I only use the basic version of CamperContact but reading some of the campers comments about sites we have used from the version you posted I really must upgrade it just for the laughs. One wag denounced this site because it didn't have a supermarket - what!! Minheim is a small, neat, friendly traditional wine village and the only thing needed to spoil it would be a ruddy supermarket. As it is the bakers doubles up as a corner shop selling all your basic needs and a supermarket is under two miles away along the pleasant riverside cycle path. Some people!

Just taken some photos to give you the flavour.

Ron


----------



## ob1 (Sep 25, 2007)

Great aren't they? I loaded the photos but the preview showed them upside down, so I loaded them upside down thinking they would come out the right way up - but they didn't. I'll try again but life's really too short for this.:laugh:


----------



## barryd (May 9, 2008)

Thanks Ron. I thought the first lot were maybe taken in Australia. 

Looks fine. Quiet is good. Dont need shops, supermarkets etc either. I often seek out the quieter out of town ones for this reason. Less popular. Having the bike makes life easier so out of the way is always a better choice for us.

Yes some of the comments are a good laugh. www.campingcar-infos.com when translated is even better.


----------



## MeFeinMcCabe (Mar 28, 2009)

Think I will give that Minheim location a go on the way down to Austria in a couple of weeks time. Looks the business. Thanks for posting


----------



## barryd (May 9, 2008)

We spent four nights there in the end. It's definitely the nicest one in that area however a couple of observations. Virtually all the stellplatz on the Moselle are within ear shot of either the road, trains or both.
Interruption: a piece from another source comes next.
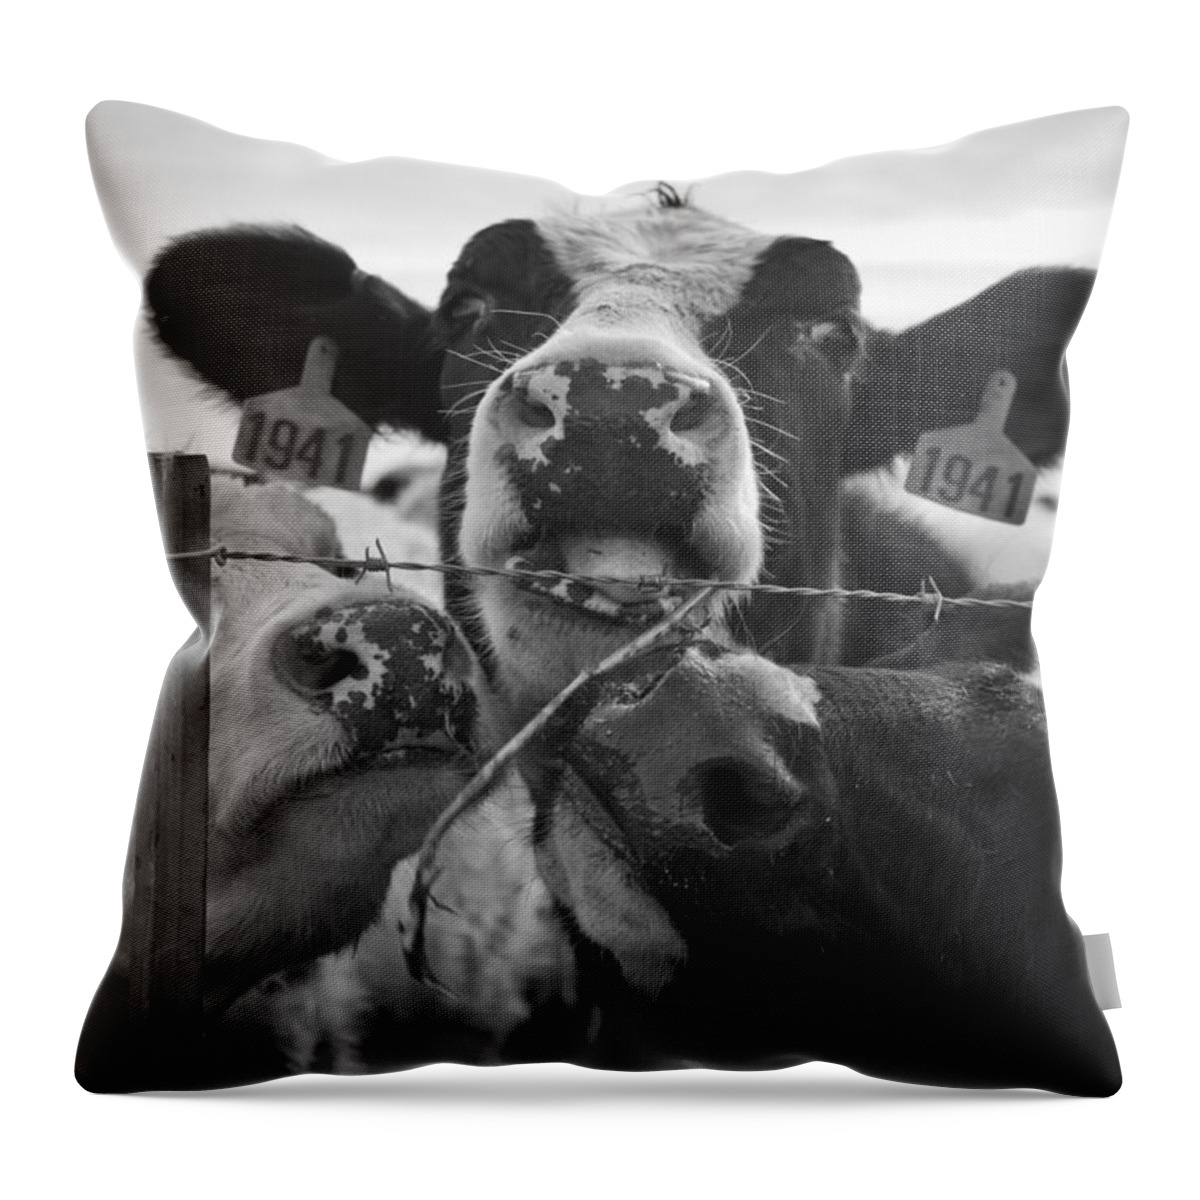 Cow Throw Pillow featuring the photograph The Girls by Priya Ghose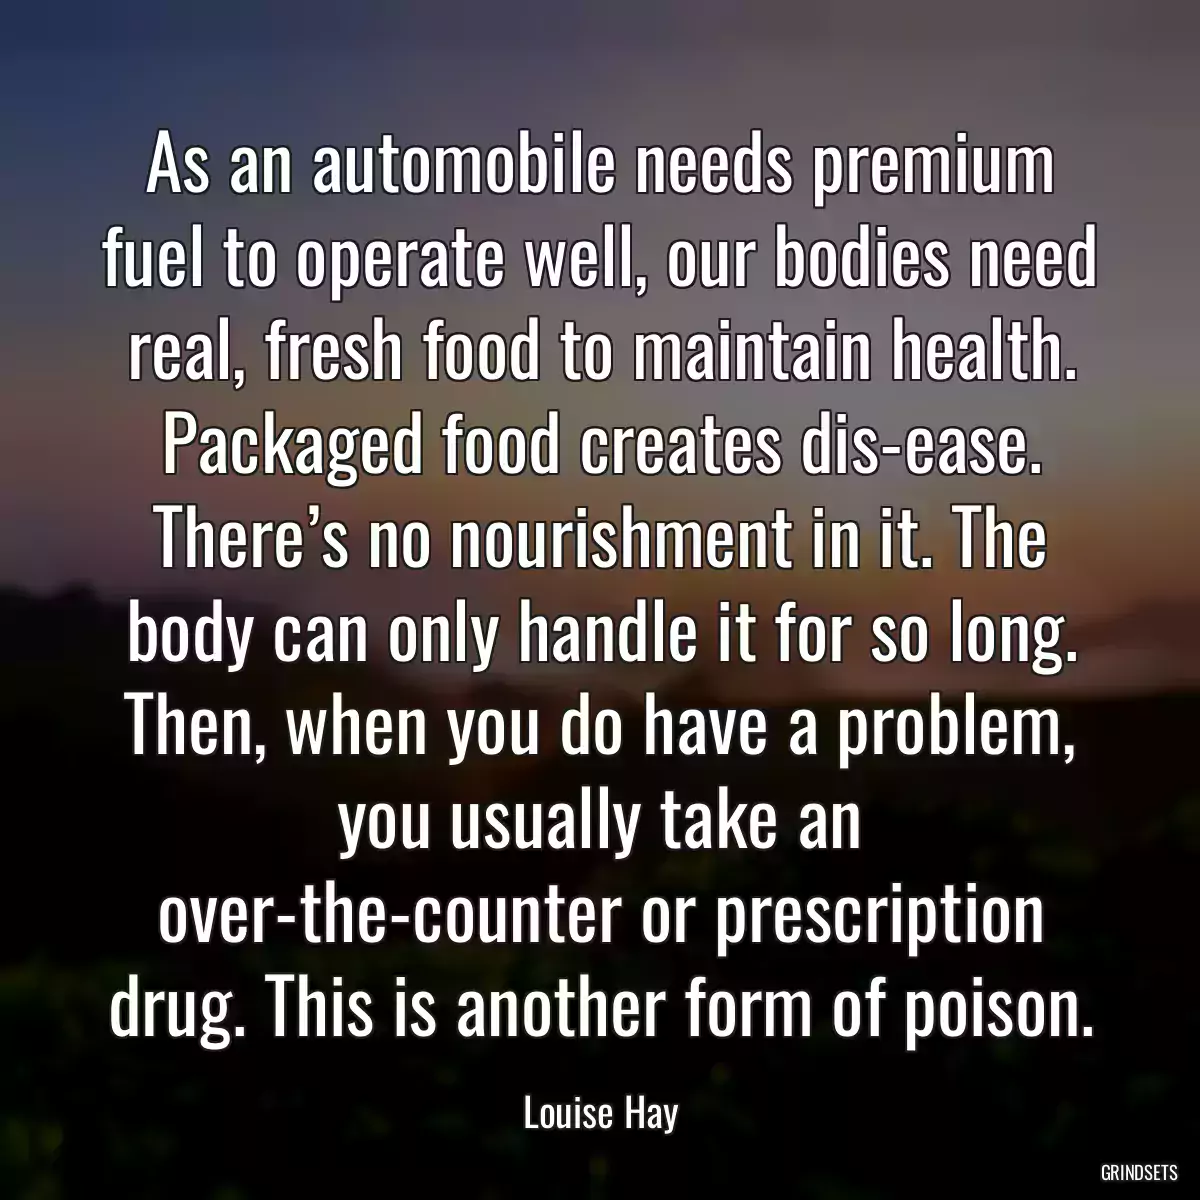 As an automobile needs premium fuel to operate well, our bodies need real, fresh food to maintain health. Packaged food creates dis-ease. There’s no nourishment in it. The body can only handle it for so long. Then, when you do have a problem, you usually take an over-the-counter or prescription drug. This is another form of poison.

That one does have some traffic noise which is one of my main dislikes on aires etc. IT was most annoying very early morning. For that reason we parked at the wider end on the left as you drive in. Park as near to the front and left as you can. The narrow end has the road right behind it..

There is a good WineGut selling half decent wine for about three quid a bottle just over the road and a small shop which we never used further up the village. Easy cycle to piesport


----------



## ob1 (Sep 25, 2007)

barryd said:


> We spent four nights there in the end. It's definitely the nicest one in that area however a couple of observations. Virtually all the stellplatz on the Moselle are within ear shot of either the road, trains or both. That one does have some traffic noise which is one of my main dislikes on aires etc. IT was most annoying very early morning. For that reason we parked at the wider end on the left as you drive in. Park as near to the front and left as you can. The narrow end has the road right behind it..
> 
> There is a good WineGut selling half decent wine for about three quid a bottle just over the road and a small shop which we never used further up the village. Easy cycle to piesport


Barry - I can't say that I've ever noticed traffic noise from the local road behind the site. In fact what traffic noise there is we can just pick up from across the river. However, we do usually park on the left as you suggest (it's higher and dries out quicker in heavy rain) so there could be something in what you say.

Have fun and keep us posted on your trip.

Ron


----------



## barryd (May 9, 2008)

Thanks Ron. Maybe there was something going on to increase commuter traffic as everywhere seemed busy along our side of the river very early in the morning. It was still a top recommendation though and we really enjoyed our time there. We spent a couple of days at Klusserath as well which is huge and always loads of space. In Bavaria now on the Romantic road but Michelle had been very unwell with Kidney stones for the past few days so we have not moved much.


----------



## jo662 (Jul 27, 2010)

barryd said:


> Thanks Ron. Maybe there was something going on to increase commuter traffic as everywhere seemed busy along our side of the river very early in the morning. It was still a top recommendation though and we really enjoyed our time there. We spent a couple of days at Klusserath as well which is huge and always loads of space. In Bavaria now on the Romantic road but Michelle had been very unwell with Kidney stones for the past few days so we have not moved much.


Hi Barry,sorry to hear that Michelle is under the weather.I hope she is better soon!

Looks like your travels are going well,but where are your photos!:serious:


----------



## barryd (May 9, 2008)

Nothing much to post yet. It's been a poor start really. Issues with the van which I think are ok and then Michelle getting unwell. Not a great start, will hopefully get round to posting some.

I've only got a weak mobile signal for internet here at the moment as well


----------



## raynipper (Aug 4, 2008)

It's all Doris's fault and the Pound down to €1.11 today.
Do it before they pull up the draw bridge Barry. Doris is bound to upset more 'friends'.

Ray.


----------



## MeFeinMcCabe (Mar 28, 2009)

Sat here in Minheim now, the rain has been battering down since 11pm last night. The stellplatz has only about a dozen vans at present, will be taking a wander into the village soon in search of wine


----------



## barryd (May 9, 2008)

You won't have to wonder far. There s a Winegut in the right straight over the road as you come out of the Stellplatz


----------



## MeFeinMcCabe (Mar 28, 2009)

Just wandered out of the nearest one after tanning a couple of whites and rose 

Dirt cheap but one of the quietest places I have ever been when alcohol is on sale


----------



## ob1 (Sep 25, 2007)

Try this one? Schmitges Weingut is right next to the hotel. It was around £4.20 per litre when we were there in May/June.

Stick with it as far as the weather is concerned as its forecast to hit 30C around Monday.

Have fun


----------